Abstract
Here, we report metagenome from the Tuwa hot spring, India using shotgun sequencing approach. Metagenome consisted of 541,379 sequences with 98.7 Mbps size with 46% G + C content. Metagenomic sequence reads were deposited into the EMBL database under accession number ERP009321. Community analysis presented 99.1% sequences belong to bacteria, 0.3% of eukaryotic origin, 0.2% virus derived and 0.05% from archea. Unclassified and unidentified sequences were 0.4% and 0.07% respectively. A total of 22 bacterial phyla include 90 families and 201 species were observed in the hot spring metagenome. Firmicutes (97.0%), Proteobacteria (1.3%) and Actinobacteria (0.4%) were reported as dominant bacterial phyla. In functional analysis using Cluster of Orthologous Group (COG), 21.5% drops in the poorly characterized group. Using subsystem based annotation, 4.0% genes were assigned for stress responses and 3% genes were fit into the metabolism of aromatic compounds. The hot spring metagenome is very rich with novel sequences affiliated to unclassified and unidentified lineages, suggesting the potential source for novel microbial species and their products.
Keywords: Hot spring, Metagenome, Shotgun sequencing, Community analysis, Functional analysis
| Specifications | |
|---|---|
| Organism/cell line/tissue | Metagenome of Tuwa hot spring water |
| Sex | Not applicable |
| Sequencer or array type | Ion-Torrent PGM platform |
| Data format | Raw data: FASTQ file |
| Experimental factors | Environmental sample |
| Experimental features | Shotgun metagenome sequencing of hot spring community DNA using Ion-Torrent PGM platform followed by community and functional metagenome analysis using MG-RAST server. |
| Consent | Not applicable |
| Sample source location | Water sample, Tuwa hot spring, Gujarat State, India |
Direct link to deposited data
http://www.ebi.ac.uk/ena/data/view/ERP009321
Culturability of microorganisms in extreme habitats is usually very poor, which creates the need to explore the culture-independent techniques to evaluate the taxonomic and functional status of the microbes. Currently, either 16S rRNAs amplicon based metagenome sequencing or shotgun metagenome sequencing is largely used for the assessment of the microbial diversity [1], [2]. Such culture-independent techniques have been successfully used for comprehensive analysis of microbial populations in hot spring [3]. Hot springs comprise several microbial habitats including thermal fluids, microbial mats and sediments. Metagenomic study of hot springs produced huge information, providing holistic images of the microbial communities present in hot springs [4]. The temperature exerts a strong control on microbial diversity in hot spring [5]. Therefore, hot spring microbial communities largely encompass the thermophilic, hyperthermophilic and polyextremophilic microbes.

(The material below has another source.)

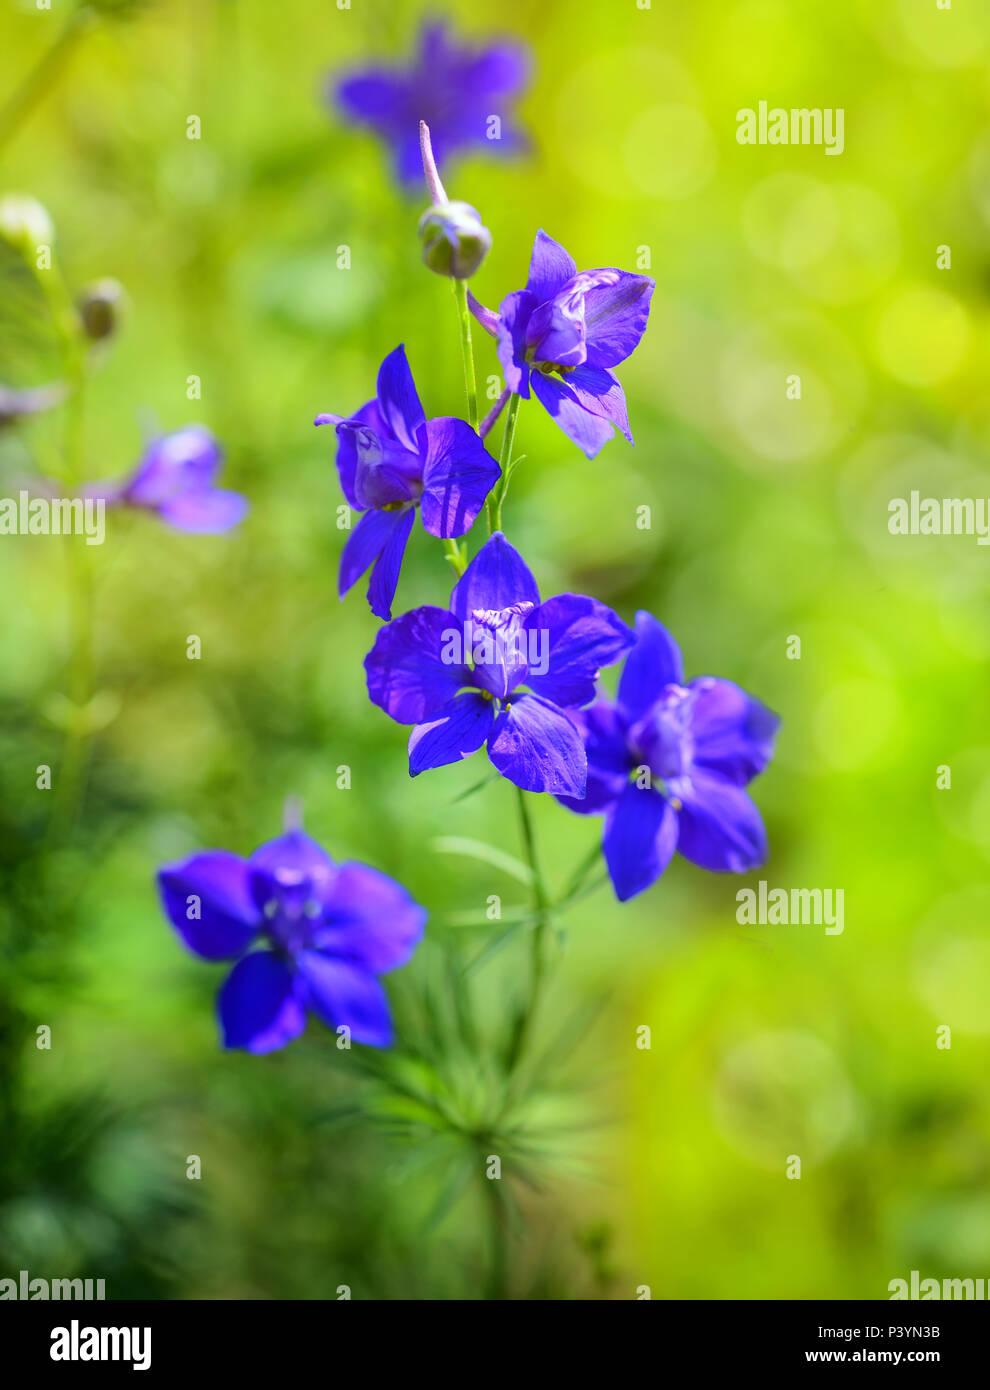 Beautiful purple Delphinium consolida (Consolida regalis) on a nature background - Stock Image

India is endowed with 340 thermal hot water springs, presenting an opportunity to study their microbial ecology to trap the novel species and genes. Hot spring of Indian subcontinent offers an attractive and challenging platform for researchers due to the existence of unknown and untapped microbial communities. Many hidden microbial species and genes have been revealed in culture-independent microbial diversity assessment of Tulsi Shyam and Lasundra hot spring, India [6], [7]. Tuwa hot spring (22°47'58"N and 73°27'37"E) is one of the unexplored hot water springs situated in Panchmahal District, Gujarat State, India. The temperature of Tuwa hot spring is usually recorded between 54 to 65 °C and water is alkaline with high salt and minerals content. Visitor and local community often take the bath due to its therapeutic belief. The bottom of the reservoir has hard rocks and photosynthetic microbes thrive in the water column. To the best of our knowledge, the microbial diversity and biogeological study of Tuwa hot water springs has not yet been investigated. The present research is the first investigation to describe the microbial diversity by metagenomics approach.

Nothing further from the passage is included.